Is the send-all-your-nonfiction Submittable login out here somewhere? Photo by Flickr user grinwithoutacat (Creative Commons license).
It was unfamiliar ground when I started writing prose, to be honest. I’ve written strictly poems and the occasional blog post for as long as I can remember. Poems about childhood and relationships, the kind of straightforward narrative I still believe in, especially as a woman sharing her experiences to a world that still thinks only women read/need to read/should read other women (but we should ALL read men because, you know, those stories are universal. Sarcasm.)
Then I reached a point where I wanted to write anything BUT straightforward poems made of my own memories. So I wrote a series of 20 poems I call “Anti-Memories.” I still love those weird poems, and have published 13 or 14 of them, but never as a collection. I sent it out a few times, but no bites. It’s all good.
Then one day, about two years ago, I wrote this strange little thing about a dog. It was…not poetry. I don’t think. It sits on my hard drive, like a good dog that’s been told to stay.
Then I wrote another strange thing like that, and it was sort of poetry and sort of prose. UCity Review published it, and in tweeting the link to their followers, even they said, “Is it poetry? Is it prose?” I loved that—the editors didn’t care, they just liked it, and I kind of felt the same way when I wrote it. Now, it feels like a weird piece of fiction, or a series of poems in prose that link to form a narrative.
But essays. I am in love with essays now. Reading them, writing them, thinking about how everything could be an essay, the way I used to think everything was a poem (everything is).
Just because I love them, though, doesn’t mean I have any clue how to go about sending them out for publication. I will admit to not knowing much about pitching to major content sites. I often don’t even know if what I’ve written is a personal essay, or a feature, or a rant, or a blog post, or what, or if it even matters. (It doesn’t. But I guess it does if you’re pitching? I need a submissions life coach.)
Essays are a hot genre right now, but that’s not why I write them. Well, indirectly, I suppose it is—they’re hot right now, so they’re more prolific and visible, so I’m reading them more, so they’re the basis of more of my creative inspiration than they were before, so I’ve tried to write some…
Still doesn’t mean I know where to send them.
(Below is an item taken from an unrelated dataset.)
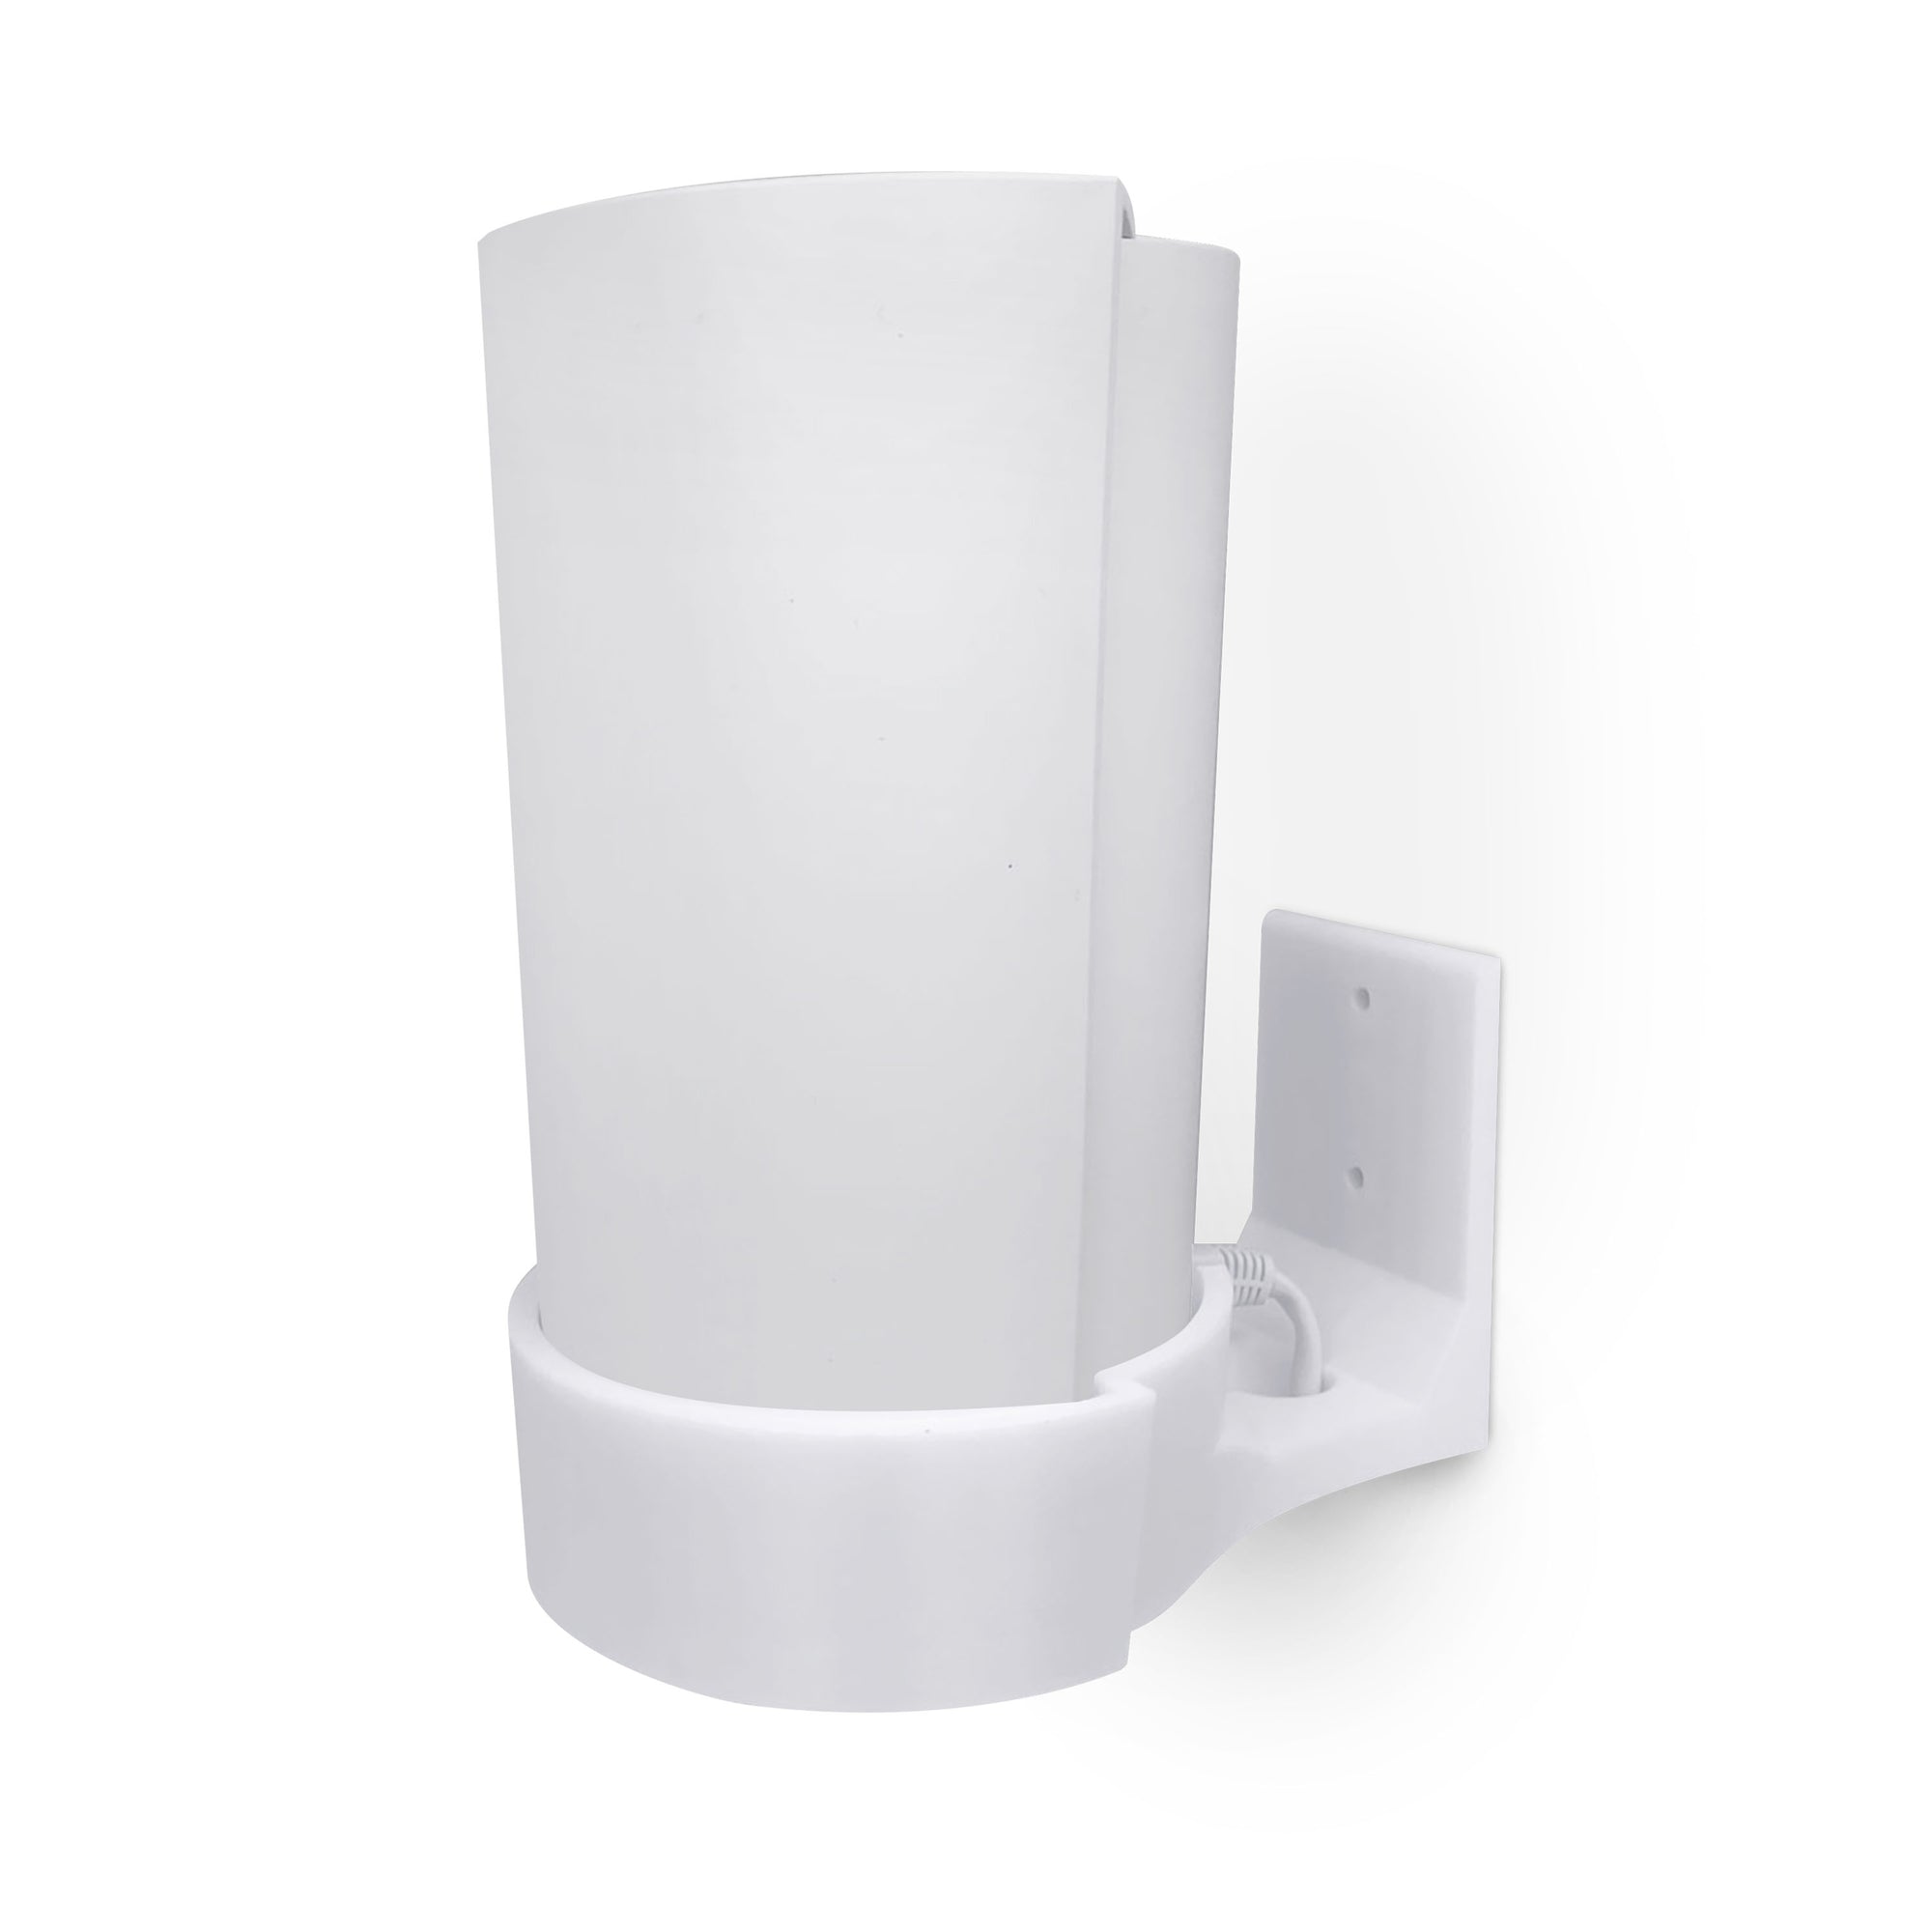 Adhesive Wall Mount for TP Link Deco X90, X95 & XE200 WiFi Mesh Router, Easy To Install Holder, Strong Adhesive & Screw In, Increase Range

Just because a mag accepts creative nonfiction doesn’t mean they want my prose odes to 90s grunge (wait, Barrelhouse is doing a 90s issue?!) or my rants against the patriarchy (have you all checked out Weird Sister? Because boom.).
So I took a lesson from my early days writing poetry, when I would write lists of great poems and where they’d been published. I did this to familiarize myself with literary magazines as much as contemporary writers. I did this on colored note cards that still give me an organizing high. I was 19 when I started this practice. Though I will turn 34 in a few weeks, I am essentially 19 again in terms of prose writing, I suppose.
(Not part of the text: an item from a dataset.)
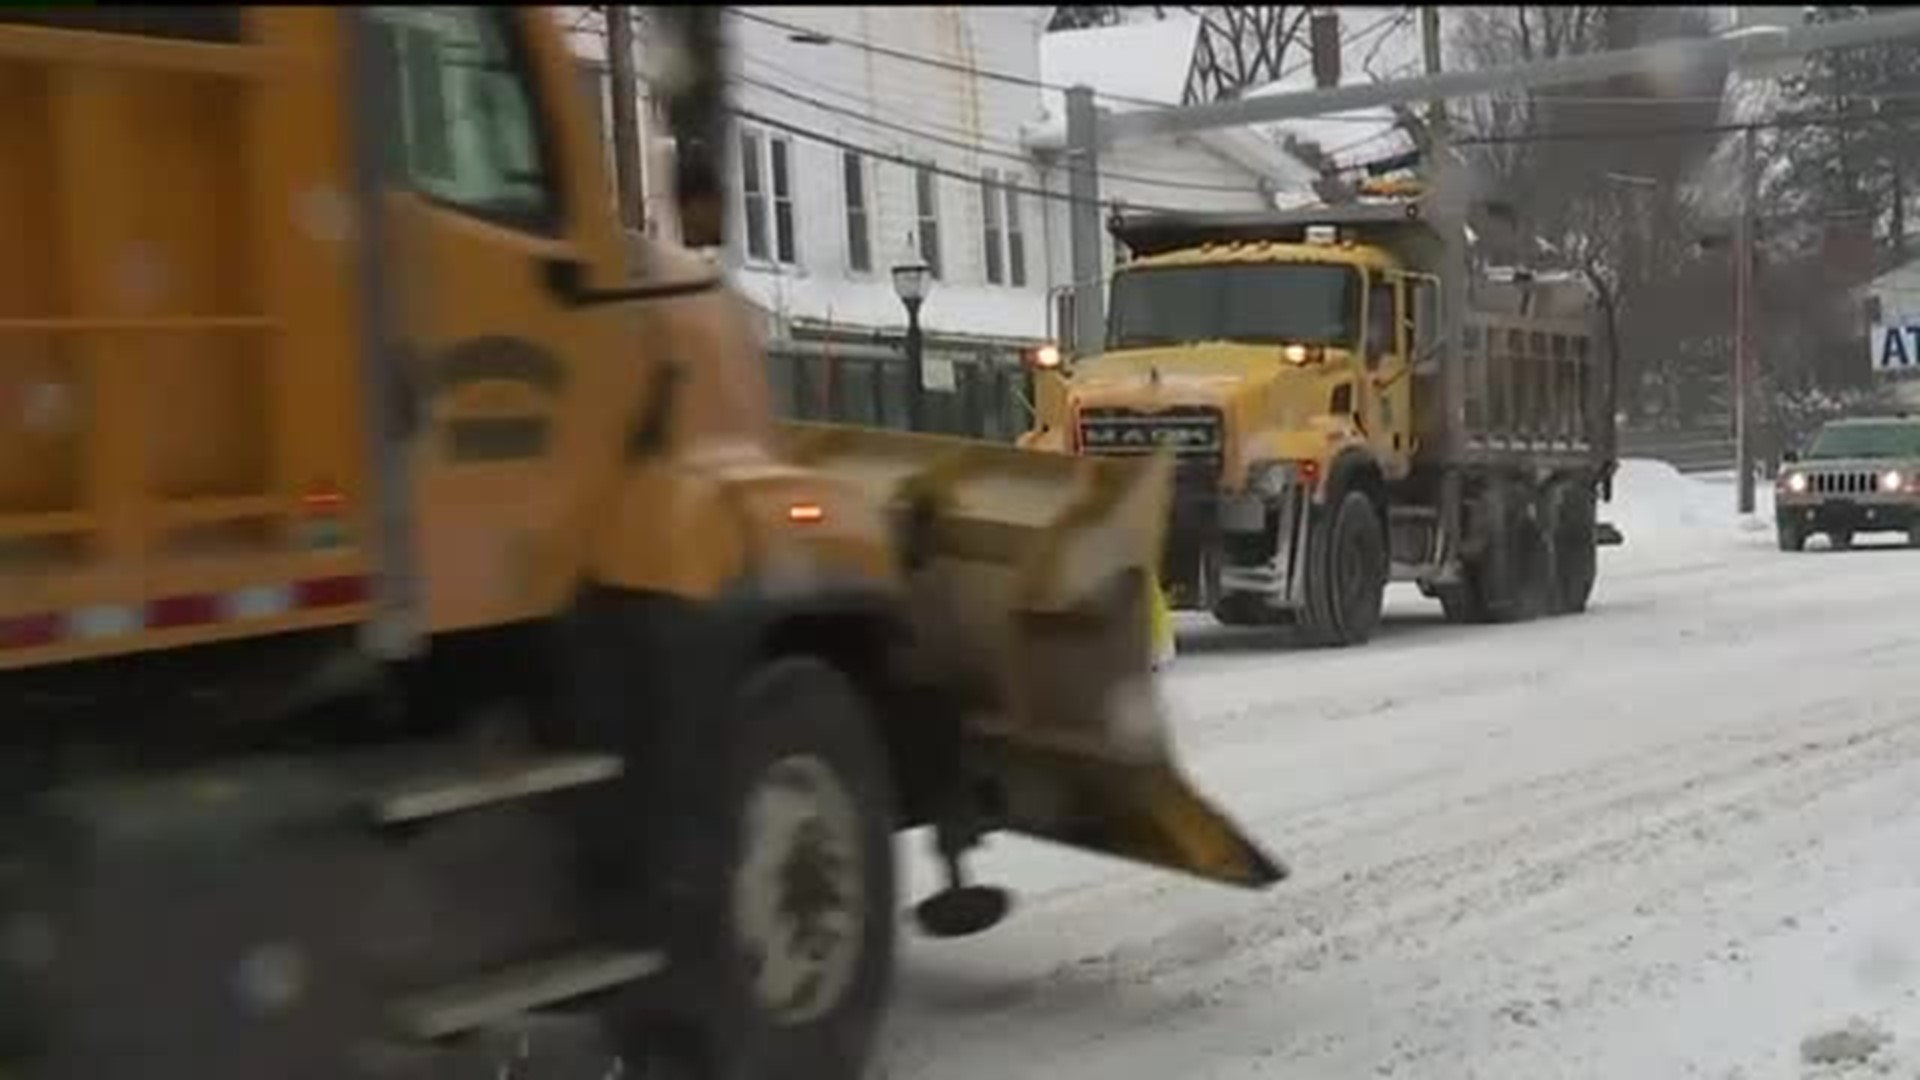 Folks Brave the Weather in Snowy Susquehanna County

My list so far includes two essays by Kelly Sundberg, one called “Poppies” and one called “It Will Look Like a Sunset.” Vanessa Martir just wrote this heartbreaking piece called “Color in AW(hite)Place.” I also have Carol Dunbar’s essay “Truce” on my list. Roxane Gay is there, and Sonya Vatomsky, and Liz Prato. The publications? Literary Mama, The Rumpus, Brevity, Passages North, Full Grown People, Side B Magazine, The Toast, XO Jane…basically, the formidably awesome prose equivalent of what my 19-year-old self’s poetry list looked like, or grew to look like, in subsequent years: Rattle, Crab Orchard Review, So to Speak, Agni, North American Review…
I am an ambitious little writer, huh?
If nothing else, compiling this list lets me “collect” these essays, all published online, the way I collected the books of the poets I came to love and would otherwise not have known existed.
I remember looking at that list of poems and mags and thinking, I’m coming, you’ll hear from me soon.
So too with you essay-publishing heavyweights. I need to read/write/edit and edit and read and edit and edit, and figure some shit out, but then, you’ll be hearing from me.